What followed is no fault of Glyndebourne. Last year I’d been there to a performance of The Magic Flute, and it had been like hearing it in a fourth musical dimension.
But tonight I arrived in a lather like an over-driven horse, to sit in a crowded and silent auditorium so that I could hardly dare to stir a foot or wipe the sweat off my face, and had to listen to one of Gluck’s most funereal operas sung in French. It was all right for ten or fifteen minutes while the thing got going, but after that it became static for a very long time; and as I relaxed in my seat I began to feel sleepy. The first two or three times my eyes pricked and closed I didn’t take much notice. It would soon pass. But instead the figures on the stage grew bleary and I felt my head begin to move.

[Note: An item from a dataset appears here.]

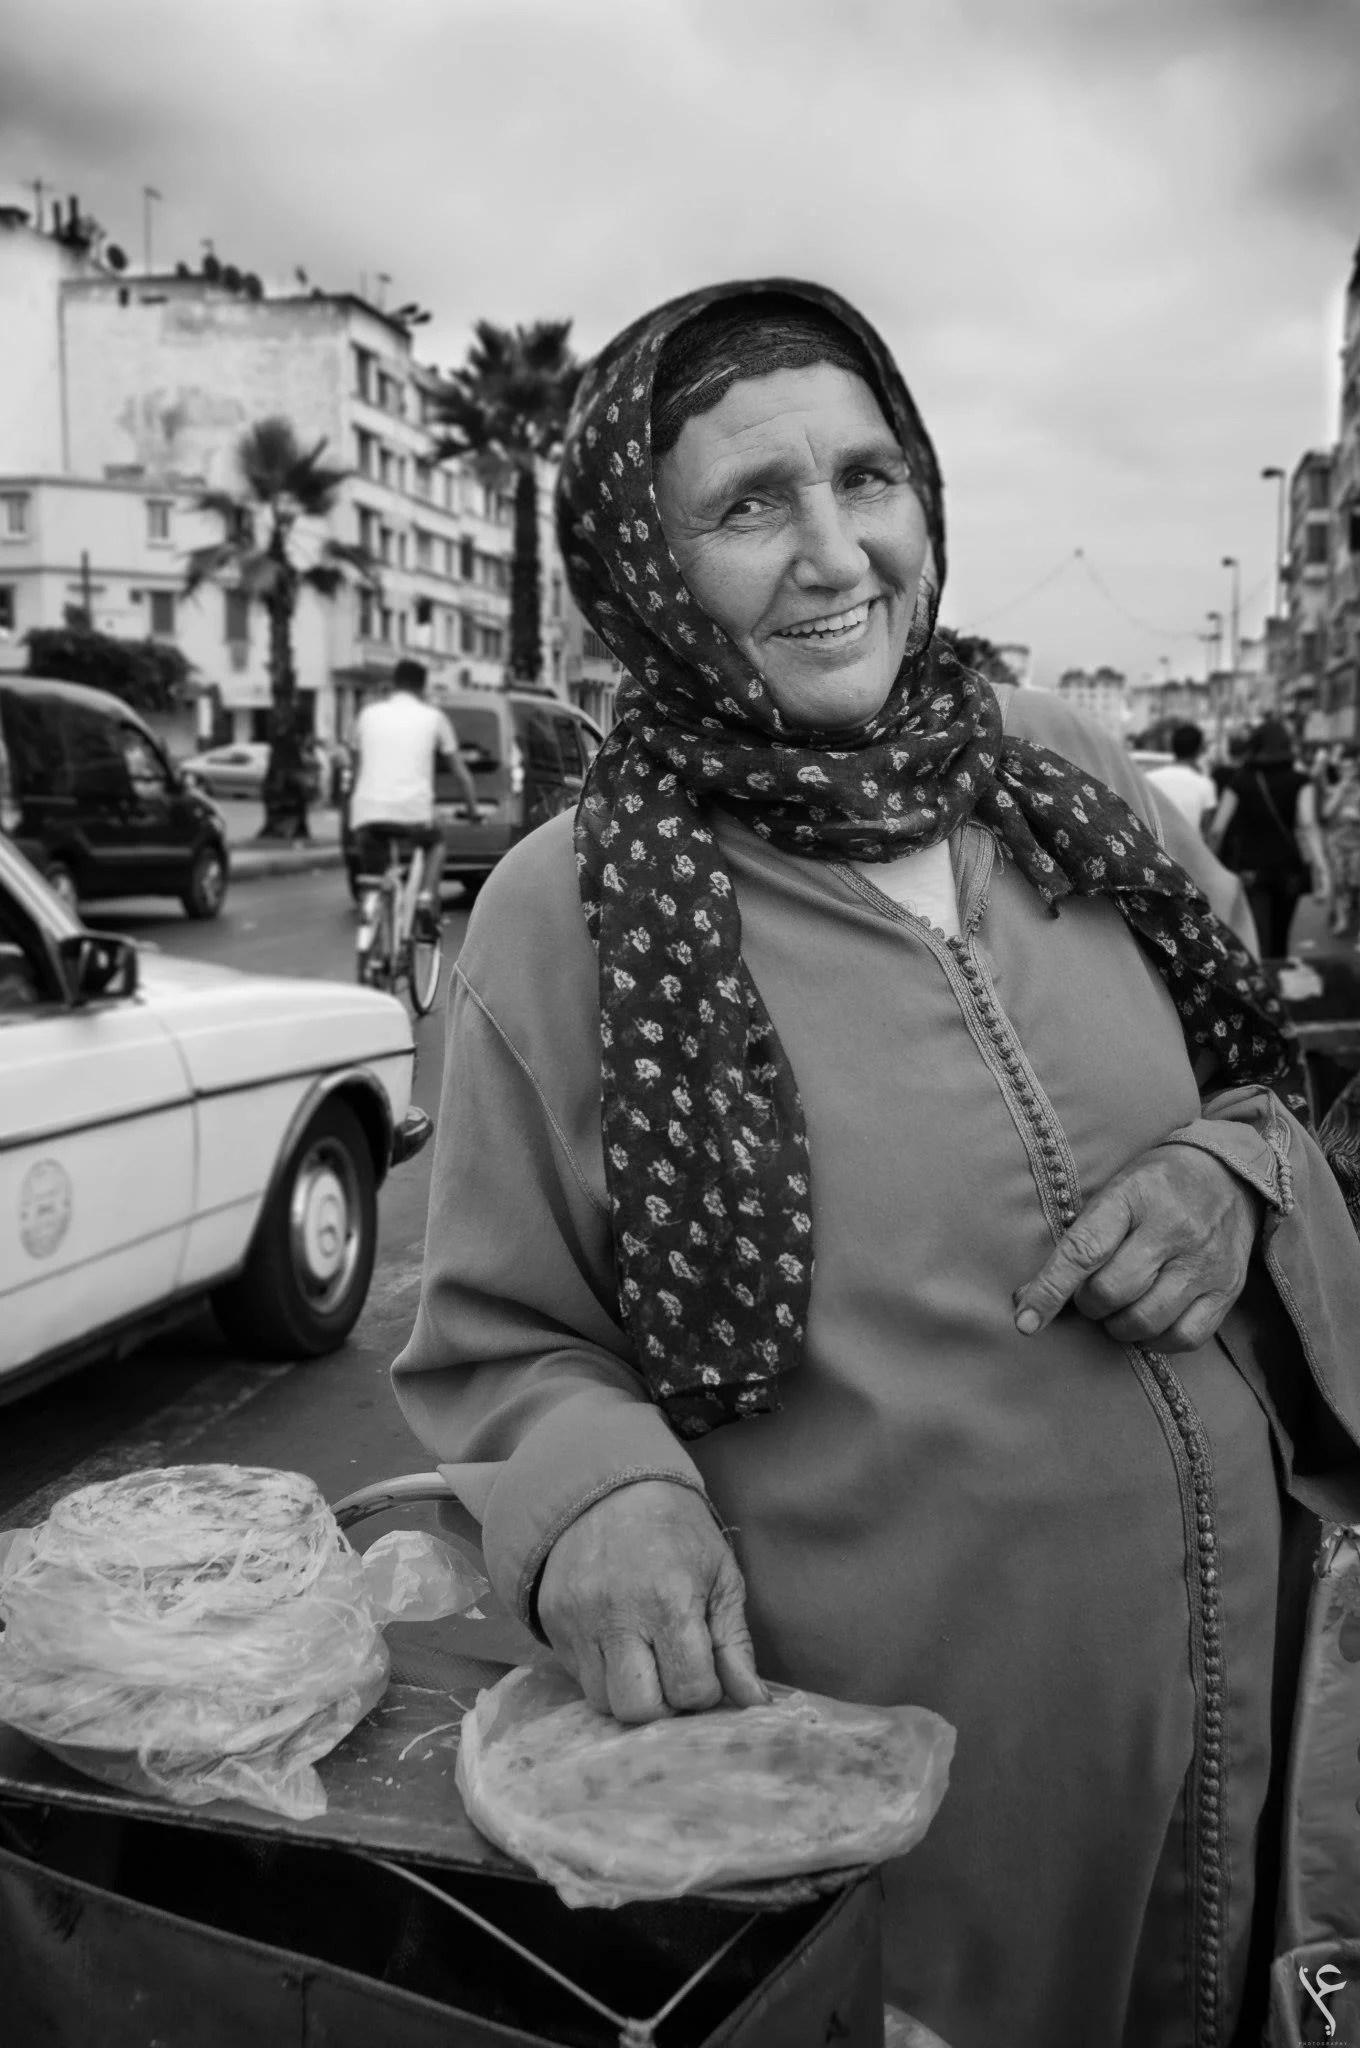 Mesamen vendor, Casablanca
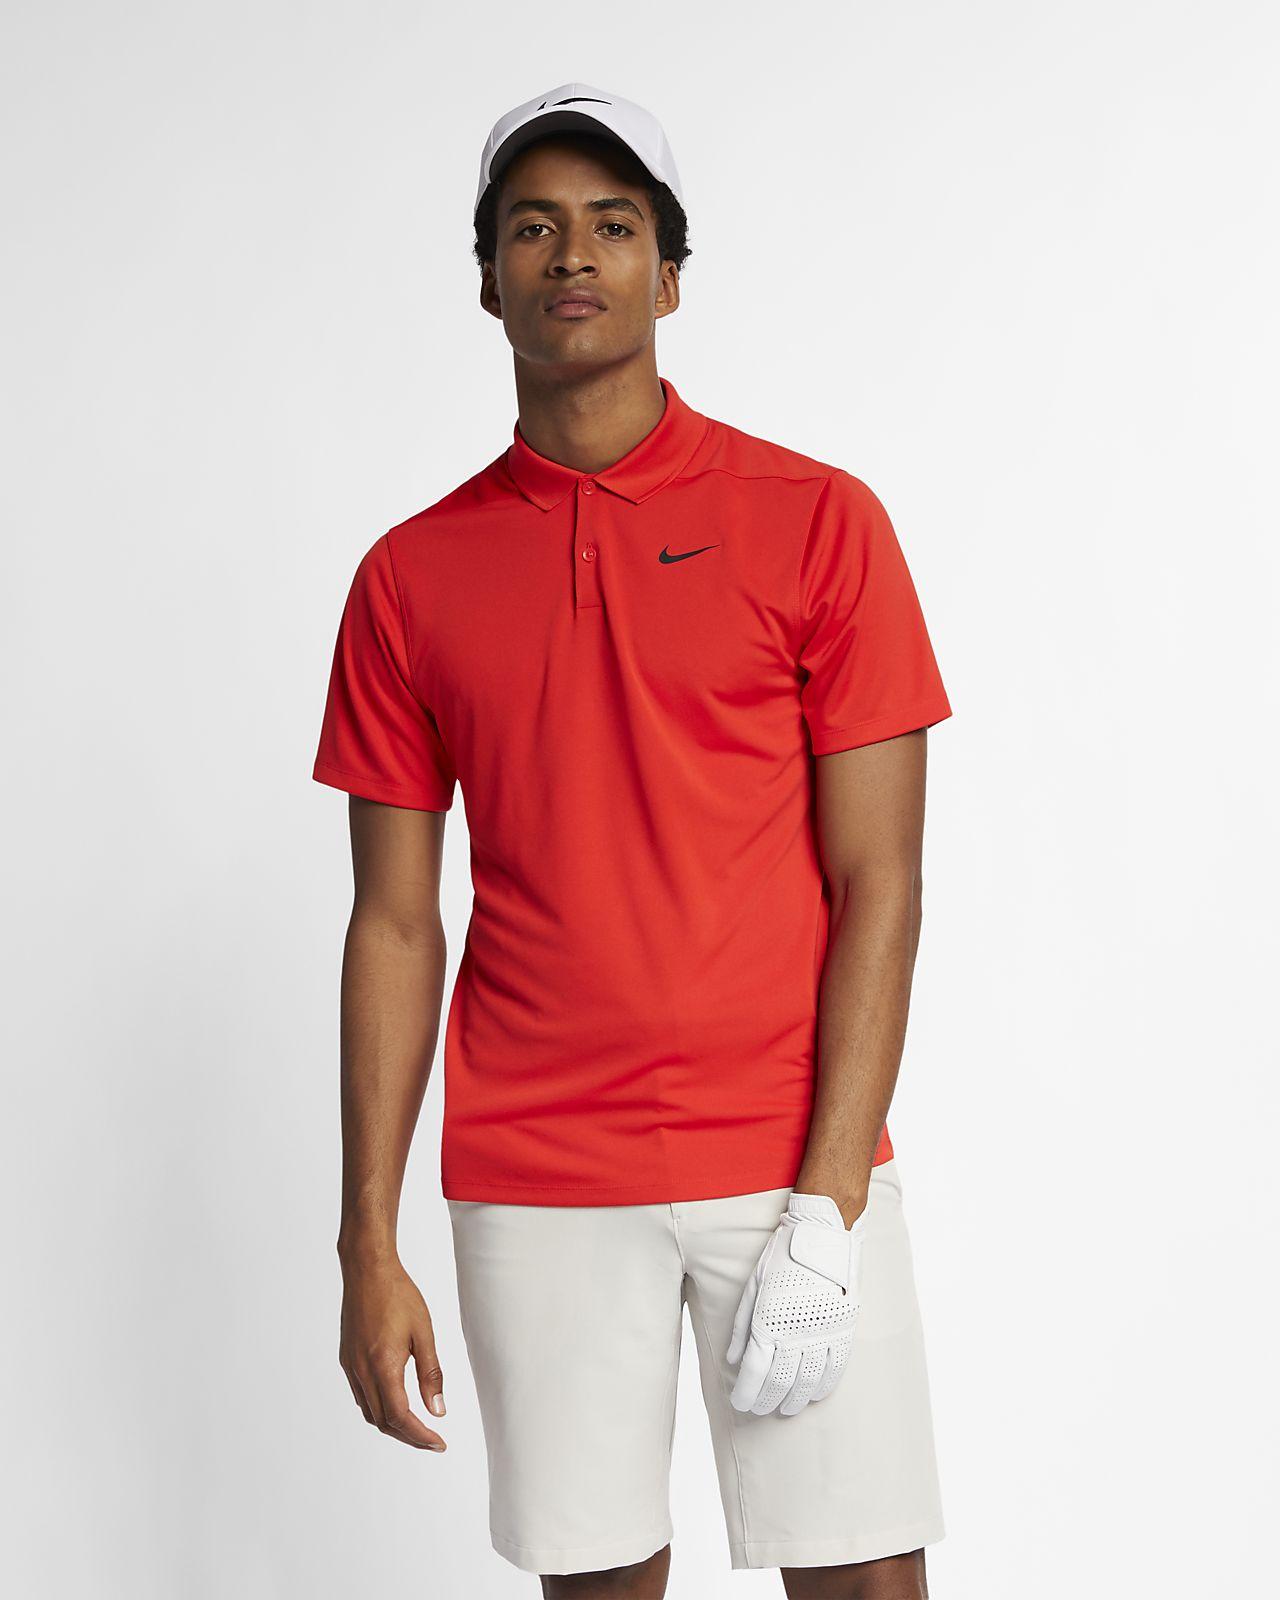 Nike Dri-FIT Victory Herren-Golf-Poloshirt

I stopped it with a jerk of the muscles. A group of courtiers had come on the stage to join the Queen and were singing to Apollo. One of them reminded me of Thurston, my Harwell friend. And one of the women had a hairstyle like Anne Allen my secretary. I spent a happy couple of minutes working out who the other people on the stage were, and then the thing got out of hand. It looked to me as if Frank Dawson and Bill Read were there dressed up like Ancient Greeks and singing out of tune.